Konfig is centered around declaratively modeling workloads and their infrastructure dependencies. This is done with the workload.yaml. This lets us spec out all of the resources our service needs like databases, storage buckets, caches, etc. Konfig then handles provisioning and managing these resources. It also handles creating a service account for each workload that has roles that are scoped to only the resources specified by the workload. Let’s take a look at an example.

apiVersion: konfig.realkinetic.com/v1beta1
kind: Workload
metadata:
  name: order-api
spec:
  region: us-central1
  runtime:
    kind: RunService
    parameters:
      template:
        containers:
          - image: order-api
  resources:
    - kind: StorageBucket
      name: receipts
    - kind: SQLInstance
      name: order-store
    - kind: PubSubTopic
      name: order-events

workload.yaml

Here we have a simple workload definition for a service called “order-api”. This workload is a Cloud Run service that has three resource dependencies: a Cloud Storage bucket called “receipts”, a Cloud SQL instance called “order-store”, and a Pub/Sub topic called “order-events”. When this YAML definition gets applied by the GitLab pipeline, Konfig will handle spinning up these resources as well as the Cloud Run service itself and a service account for order-api. This service account will have the Pub/Sub Publisher role scoped only to the order-events topic and the Storage Object User role scoped to the receipts bucket. Konfig will also create a SQL user on the Cloud SQL instance whose credentials will be securely stored in Secret Manager and accessible only to the order-api service account. The Konfig UI shows this workload, all of its dependencies, and each resource’s status.

Enforcing Enterprise Standards

After looking at the example workload definition above, you may be wondering: there’s a lot more to creating a storage bucket, Cloud SQL database, or Pub/Sub topic than just specifying its name. Where’s the rest? It’s a good segue into how Konfig offers a means for providing sane defaults and enforcing organizational standards around how resources are configured.
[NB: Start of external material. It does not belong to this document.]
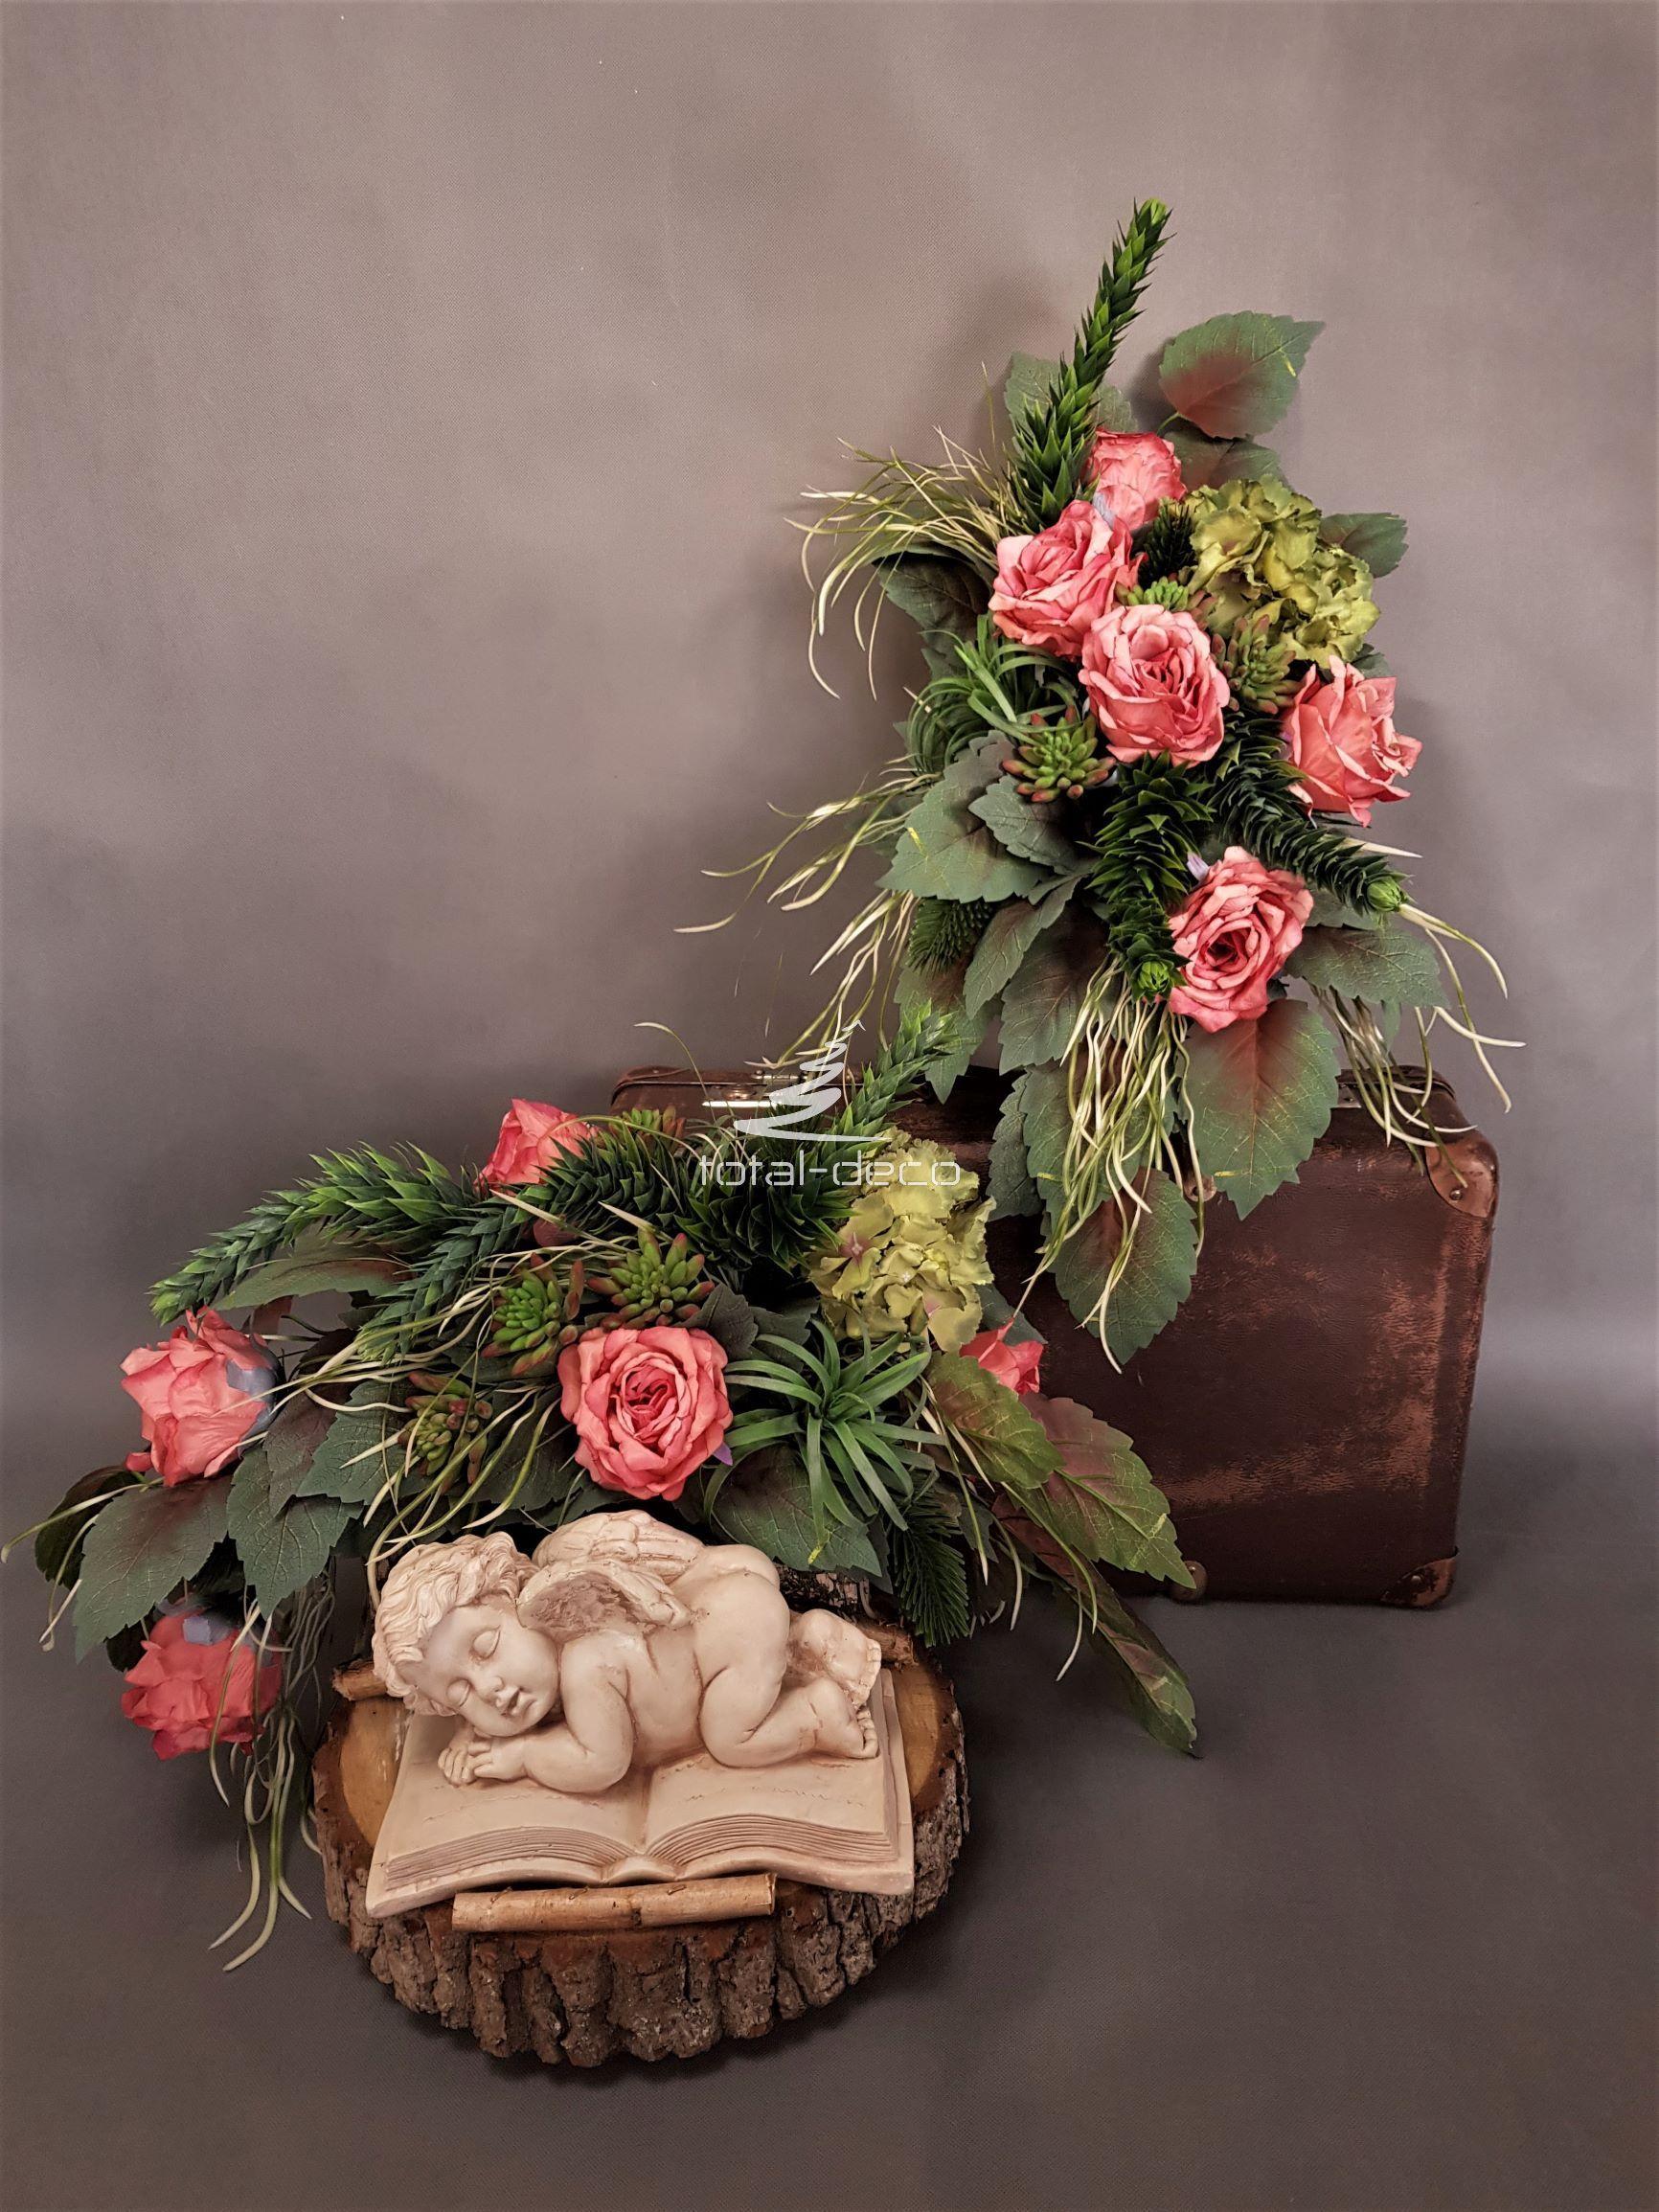 Dekoracja Na Wszystkich Swietych Ekskluzywne Stroiki Na Cmentarz Funeral Flowers Flower Arrangements Grave Decorations
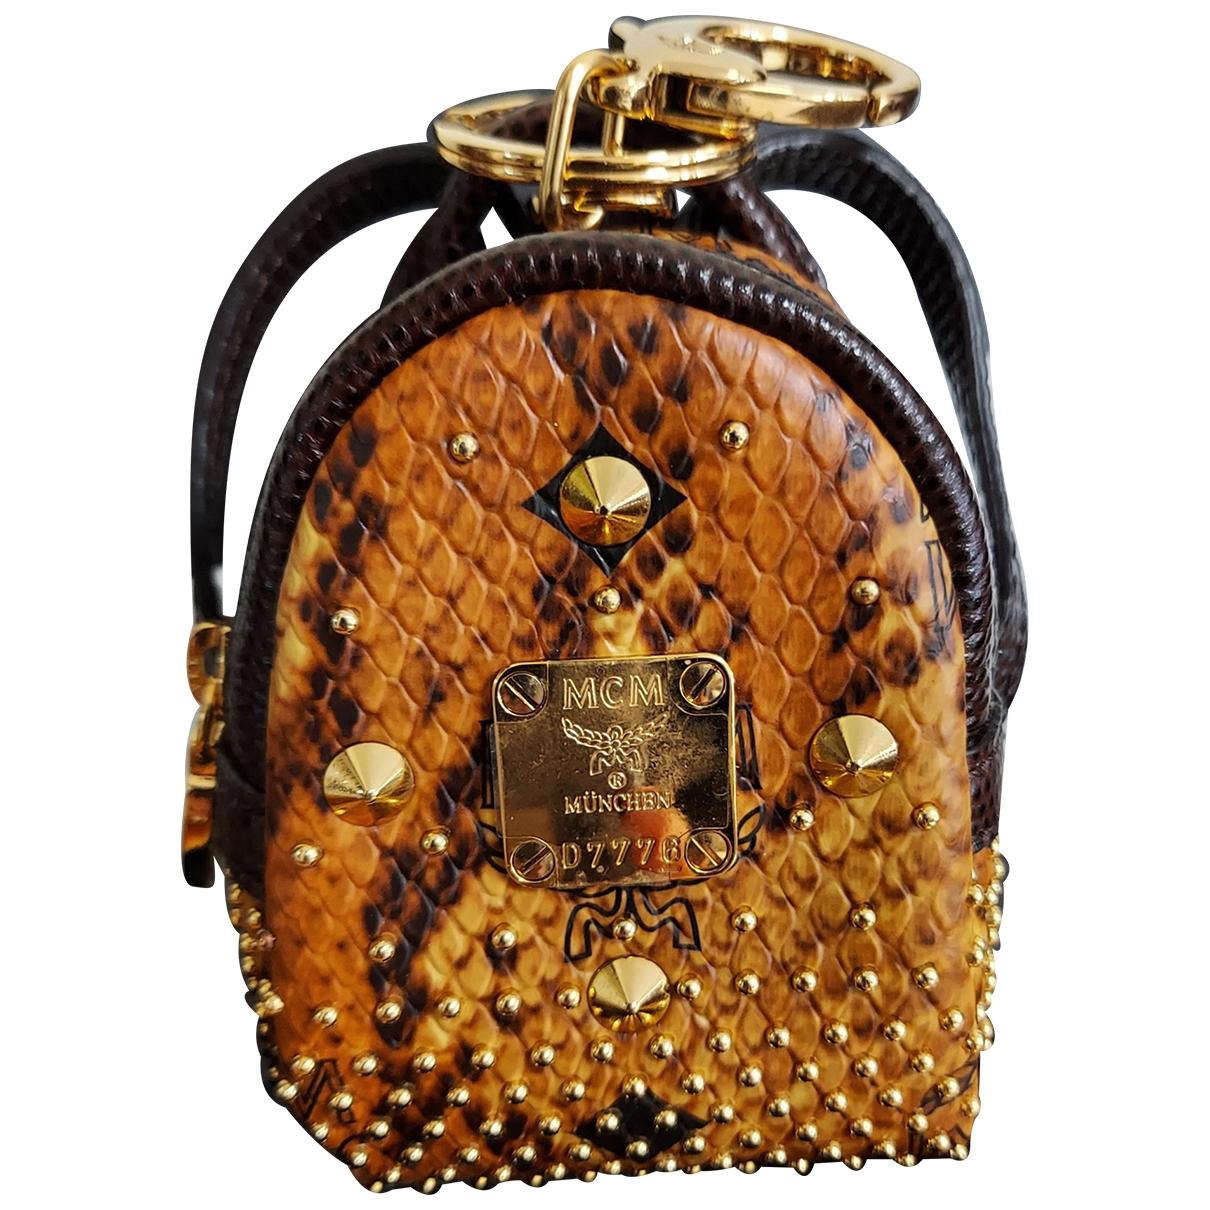 Mcm - Bijoux de sac   pour femme en cuir - marron

Konfig uses templates to allow an organization to manage either default or required settings on resources. This lets a platform team centrally manage how things like databases, storage buckets, or caches are configured. For instance, our organization might enforce a particular version of PostgreSQL, high availability mode, private IP only, and customer-managed encryption key. For non-production environments, we may use a non-HA configuration to reduce costs. Just like our platform, domain, and workload definitions, these templates are also defined in YAML and managed via GitOps.

We can also take this further and even manage what cloud APIs or services are available for developers to use. Like access management, this is also configured at the control plane, platform, and domain levels. We can specify what services are enabled by default at the platform level which will inherit across domains. We can also disable certain services, for example, at the domain level. The example platform and domain definitions below illustrate this. We enable several services on the Ecommerce platform and restrict Pub/Sub, Memorystore (Redis), and Firestore on the Payment Processing domain.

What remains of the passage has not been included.